The corpus was motivated by the lack of gold-standard resources for evaluating Arabic text summarisation, particularly extractive systems. Mechanical Turk was used to collect five independent extractive summaries per article, offering natural diversity and enabling aggregation into different gold-standard levels.

The work was later expanded in:

  • El-Haj (2012). Multi-document Arabic Text Summarisation. PhD Thesis, University of Essex.
  • El-Haj, Kruschwitz & Fox (2011). Exploring clustering for multi-document Arabic summarisation. AIRS 2011.

🗂 Corpus Contents

EASC contains:

Component Count Description
Articles 153 Arabic Wikipedia + AlRai (Jordan) + AlWatan (Saudi Arabia)
Summaries 765 Five extractive summaries per article
Topics 10 Art, Environment, Politics, Sport, Health, Finance, Science & Technology, Tourism, Religion, Education

Each summary was produced by a different Mechanical Turk worker, who selected up to 50% of the sentences they considered most important.


📁 Directory Structure


Articles/
  Article001/
  Article002/
  ...
MTurk/
  Article001/
  Article002/
  ...
  

Where:

  • Articles/ArticleXX/*.txt → full document

  • MTurk/ArticleXX/Dxxxx.M.250.A.#.* → five extractive summaries (A–E)

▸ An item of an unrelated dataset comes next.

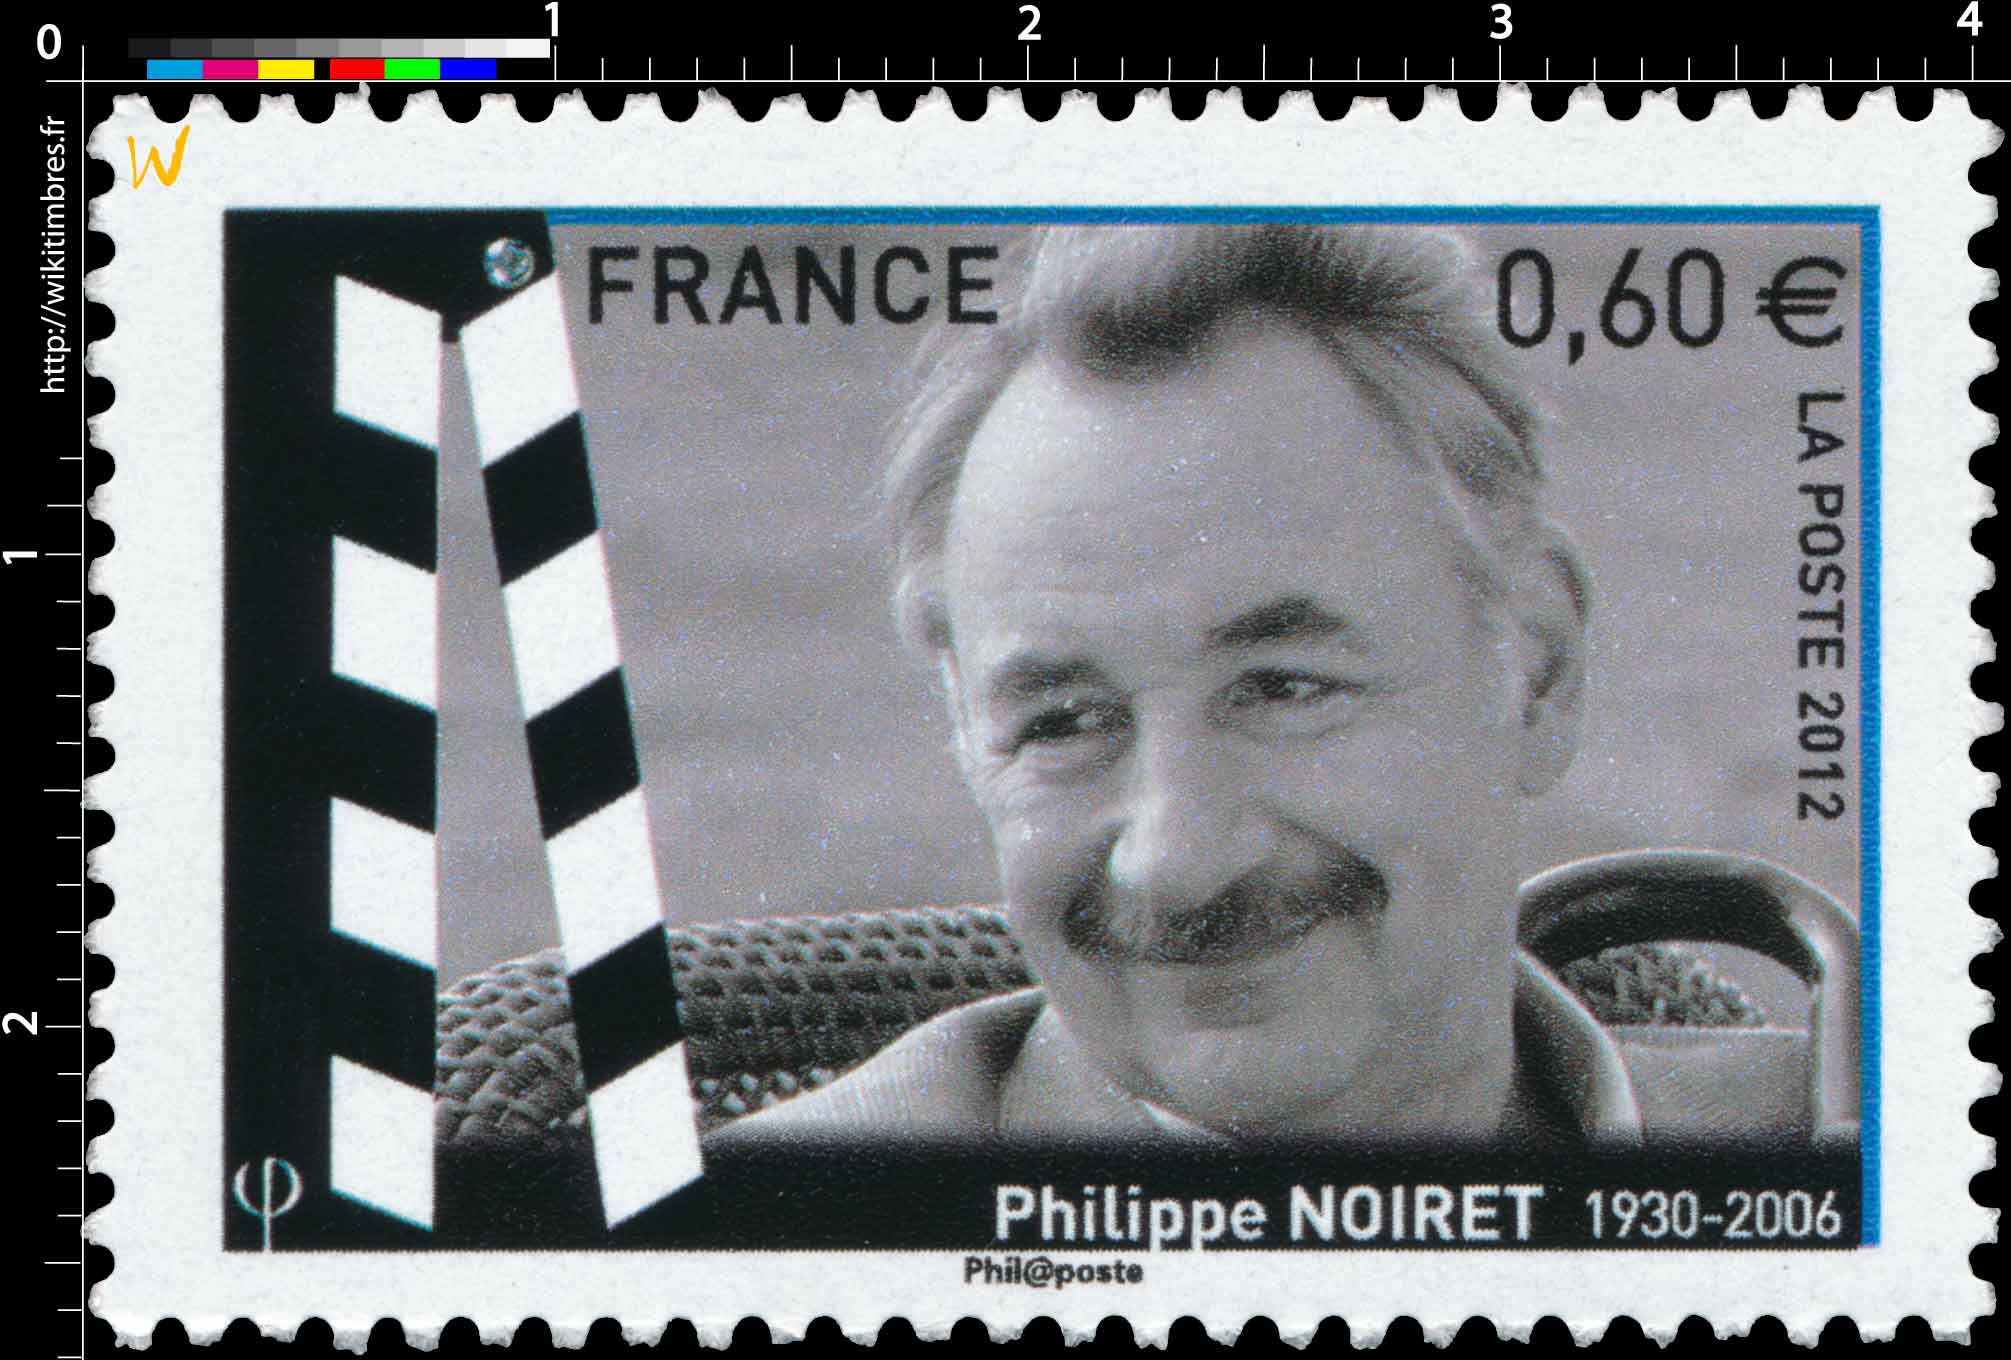 Philippe Noiret 1930-2006

📦 Modern Dataset Format (this repository)

To make EASC easier to use with modern NLP tools, this repository includes a unified CSV/JSONL version:

CSV Schema

Field Description
article_id Unique article identifier (1–153)
topic_name Topic label extracted from filename
article_text Full article text
summary_A Human summary A
summary_B Human summary B
summary_C Human summary C
summary_D Human summary D
summary_E Human summary E

JSON Schema

One JSON Object per article:

{ "article_id": 1, "topic_name": "Art and Music", "article_text": "...", "summaries": ["...", "...", "...", "...", "..."] }


🛠️ Regenerating the CSV / JSONL

The following Python script reconstructs the unified dataset from the raw Articles/ and MTurk/ folders (strict UTF-8):

import os
import re
import json
import pandas as pd

ARTICLES_DIR = "Articles"
MTURK_DIR = "MTurk"

records_csv = []
records_jsonl = []

for folder in sorted(os.listdir(ARTICLES_DIR)):
    folder_path = os.path.join(ARTICLES_DIR, folder)
    if not os.path.isdir(folder_path):
        continue

    m = re.match(r"Article(\d+)", folder)
    if not m:
        continue

    article_id = int(m.group(1))
    article_files = os.listdir(folder_path)

    article_file = article_files[0]
    article_file_path = os.path.join(folder_path, article_file)

    base = os.path.splitext(article_file)[0]
    match = re.match(r"(.+?)\s*\(\d+\)", base)
    topic_name = match.group(1).strip() if match else "Unknown"

    with open(article_file_path, "r", encoding="utf-8", errors="replace") as f:
        article_text = f.read().strip()

    summaries_dir = os.path.join(MTURK_DIR, folder)
    summary_files = sorted(os.listdir(summaries_dir))
    summaries = []

    for sfile in summary_files:
        s_path = os.path.join(summaries_dir, sfile)
        with open(s_path, "r", encoding="utf-8", errors="replace") as f:
            summaries.append(f.read().strip())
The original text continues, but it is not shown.